3 Temmuz için biletinizi hemen almanızı öneririm. Çünkü o akşam Açık Hava Sahnesi’nde Tower Of Power ve Marcus Miler var! 10 kişilik efsanevi grup Tower Of Power, nefesli sazların öne çıktığı soul, funk ve R & B karışımı müziğiyle 40 yıldır geniş bir hayran kitlesi yarattı. O kadar ki, kendilerinin de dedikleri gibi, kim olduğunuz, nerede yaşadığınız ya da hangi müziği sevdiğiniz önemli değil, onlar bir şekilde sizi buluyor.
Aynı gece Tower Of Power’ın ardından Marcus Miller’ı dinleme olanağı bulacağız. Adı özellikle gelişimine önemli katkılarda bulunduğu “slap” tekniği ile anılan Miller, birçok enstrümanı ustalıkla çalabilen büyük bir yetenek. Konserde “Tower Of Power”ın hit şarkısı “What is Hip?”i de yorumlayacağı söyleniyor.
FOLK’TAN LATİN’E, CAZ’DAN ROCK’A
Festivalin en ilginç bölümlerinden “Yeni Ozanlar” serisine bu yıl, neo-folk akımının temsilcilerinden Rufus Wainwright katılıyor. Piyanosuna mükemmel sesiyle eşlik eden sanatçıyı, daha önce birkaç kez sahnede görme olanağı buldum. Öyle dokunaklı bir tonda şarkı söylüyor ki, Aya İrini’nin muhteşem atmosferini düşünürsek, 8 Temmuz'da yine büyüleyici bir geceye imza atacağı kuşkusuz.
9 Temmuz’da bu defa Latin atmosferinin içine dalacağız. Buena Vista Social Club’ın yaşayan tek üyesi Omara Portuondo, 60. sanat yılında Sepetçiler Kasrı’nda olacak. Küba’nın Edith Piaf’ı diyorlar ona.
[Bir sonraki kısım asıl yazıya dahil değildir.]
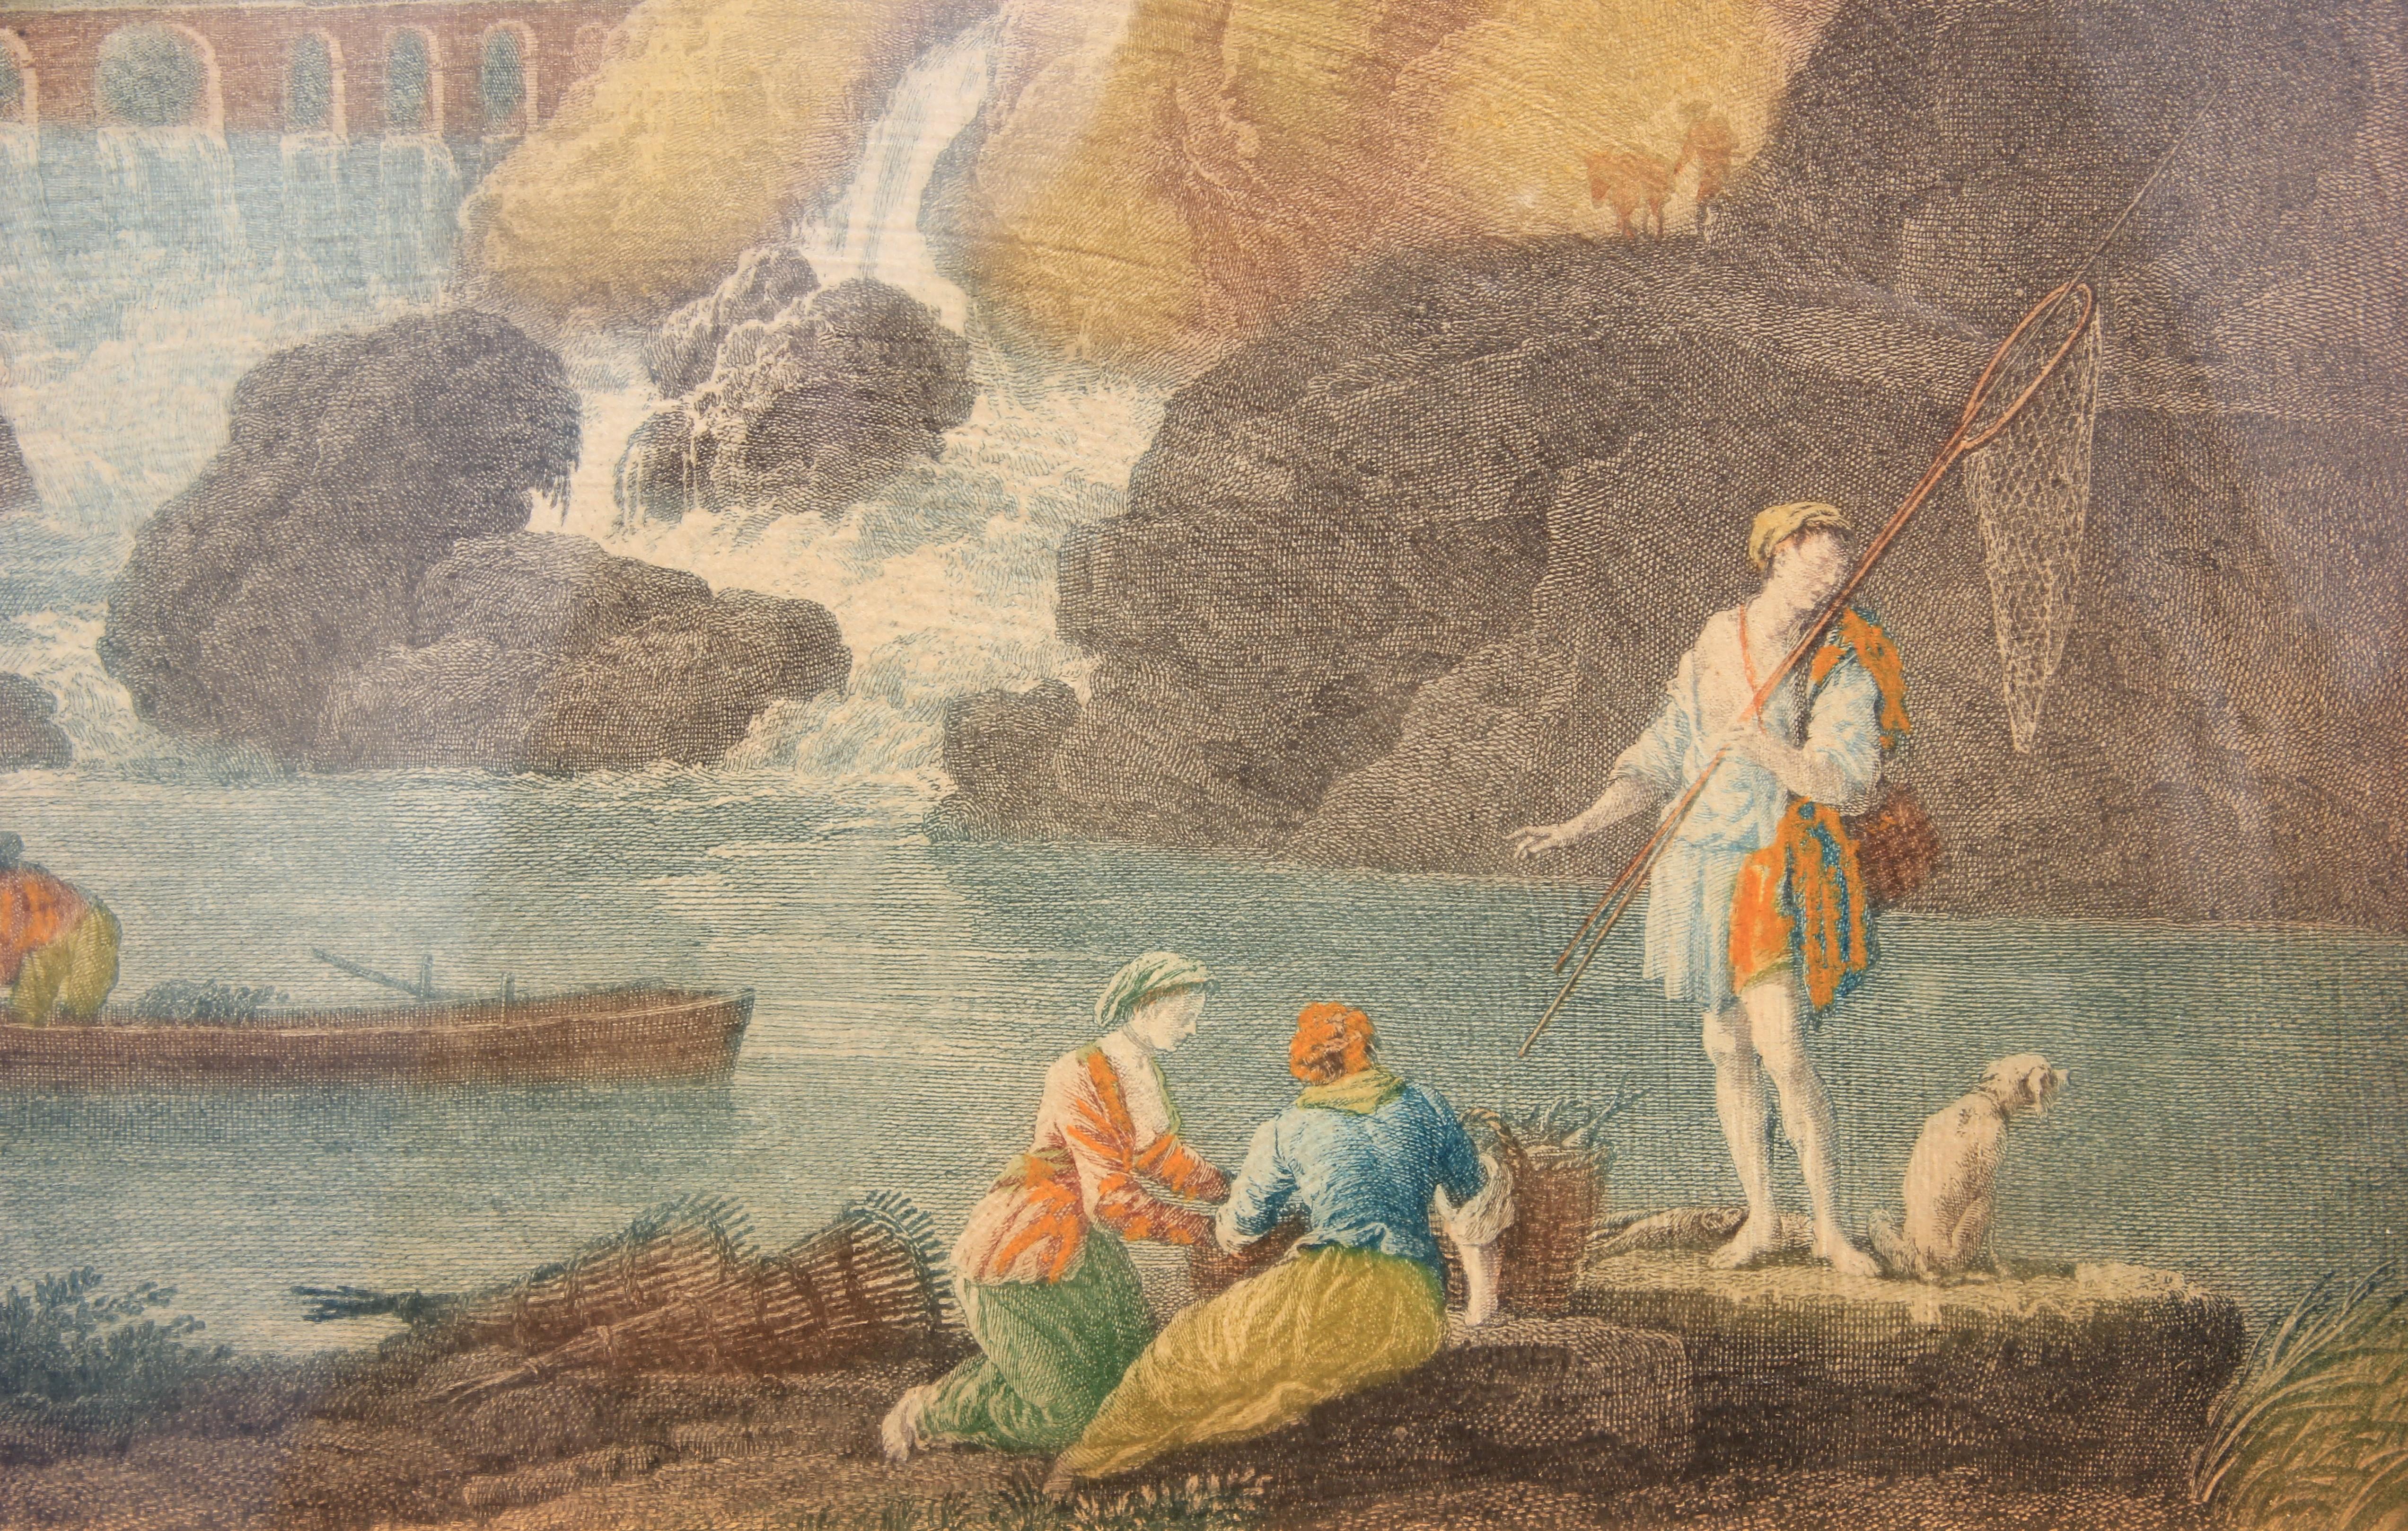 Gravure de paysage néoclassique de pêcheurs dans le style de Joseph Vernet - Print de Claude-Joseph Vernet

Ama bence, o sadece kendi adıyla tanımlanacak kadar özgün ve büyük bir isim. O Küba’nın eşsiz Omara’sı!
Yorulmadan devam ediyoruz programa ve ertesi gece Brezilyalı şarkıcı, besteci, gitarist, yazar ve insan hakları savunucusu Caetano Veloso’yu dinlemeye gidiyoruz. 5 Grammy ödüllü sanatçı, Brezilya’nın diktatörlük günlerinde gelişen Tropicalismo adlı sanat hareketinin öncülerinden. Şarkılarında yoksulluk ve adaletsizlik başta olmak üzere sosyal konulara değinen, politik duruşu ve müziğe yaklaşımıyla önemli etkiler bırakan Veloso'yu sonunda canlı olarak dinleyebileceğiz.
Nina Simone sevenler, 15 Temmuz’da Sepetçiler Kasrı’nda buluşacak. Cazın bu büyük ismi, ölümünün beşinci yılında, “Sing the Truth” başlıklı bir konserle anılıyor. Gecenin özelliği, dört büyük caz vokalisti ile Simone’un 41. yıl boyunca müzik direktörlüğünü yapan gitarist Al Shackman ve orijinal orkestra üyelerini buluşturması. Nina Simone şarkılarını, Dee Dee Bridgewater, Stacey Kent, Raul Midon ve ülkemizin en başarılı caz vokalistlerinden Sibel Köse’nin sesinden dinlemek zevkli olacak.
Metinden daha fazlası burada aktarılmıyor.